In 11-on-11 work to end the day, Andrew Luck completed eight consecutive passes but a Darius Butler interception near the goal line ended the day on a high note for the Colts defense.
Here are three takeaways from day two…
- T.Y. Hilton continues to make plays: Building off a productive rookie campaign, T.Y. Hilton appears to be poised for another strong season.
Last year, Hilton battled a quad injury all through the offseason but this year he has been out on the field and making plays.
Hilton is catching everything thrown his way. He had the catch of the day with a diving, over-the-shoulder grab on a corner route near the sideline.
He might not be running with the Colts base formation but rest assured that Hilton will get his touches in 2013, and with that should come numerous “chunk” plays for Pep Hamilton’s offense.
- The Butler is always lurking: Darius Butler was one of the unsung heroes last season after the Colts signed him during the bye week in late September.
Butler has been extremely active through the first two days of camp, continually making plays on the ball.
In a pass happy NFL, some of the game’s best passers are scattered across the Colts schedule this year.

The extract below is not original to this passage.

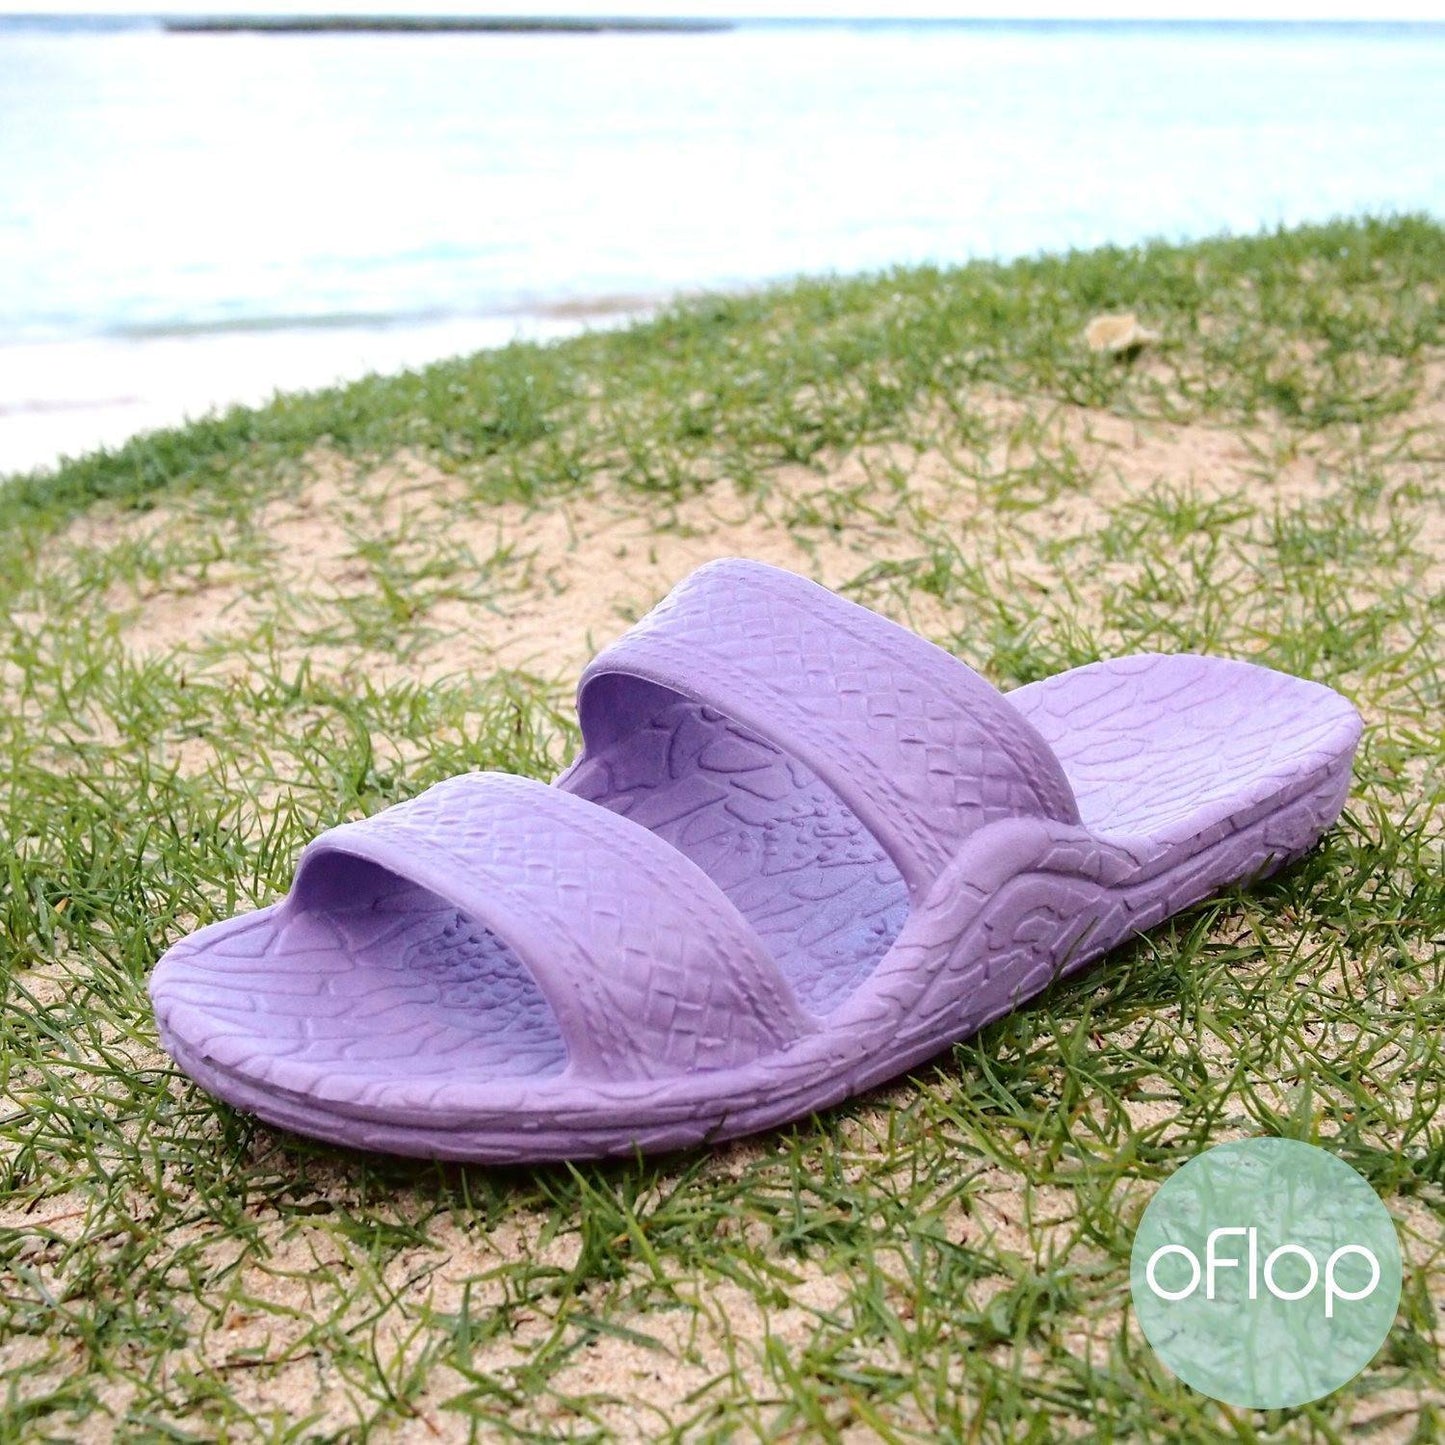 Sandals - Lilac Jandals -- Pali Hawaii Hawaiian Jesus Sandals

That means Butler will be an important cog in the Colts secondary even if he doesn’t run out with the starting 11.
- Inside Linebackers starting to make noise: Of all the positions on the Colts defense, the inside linebackers don’t seem to be attracting a ton of attention.
You couldn’t tell that by watching practice on Monday.
Kavell Conner’s No. 53 kept on appearing after pass deflections. The former seventh round draft pick continues to carve out a solid NFL career and was the Colts fourth leading tackler last season.
Both Conner and Jerrell Freeman made some plays during 7-on-7 work, a time that is usually where the receivers and corners tend to dominate.
The inside position doesn’t have the names of Landry, Mathis or Werner but don’t underestimate the potential depth the Colts have in the middle of their four-linebacker set.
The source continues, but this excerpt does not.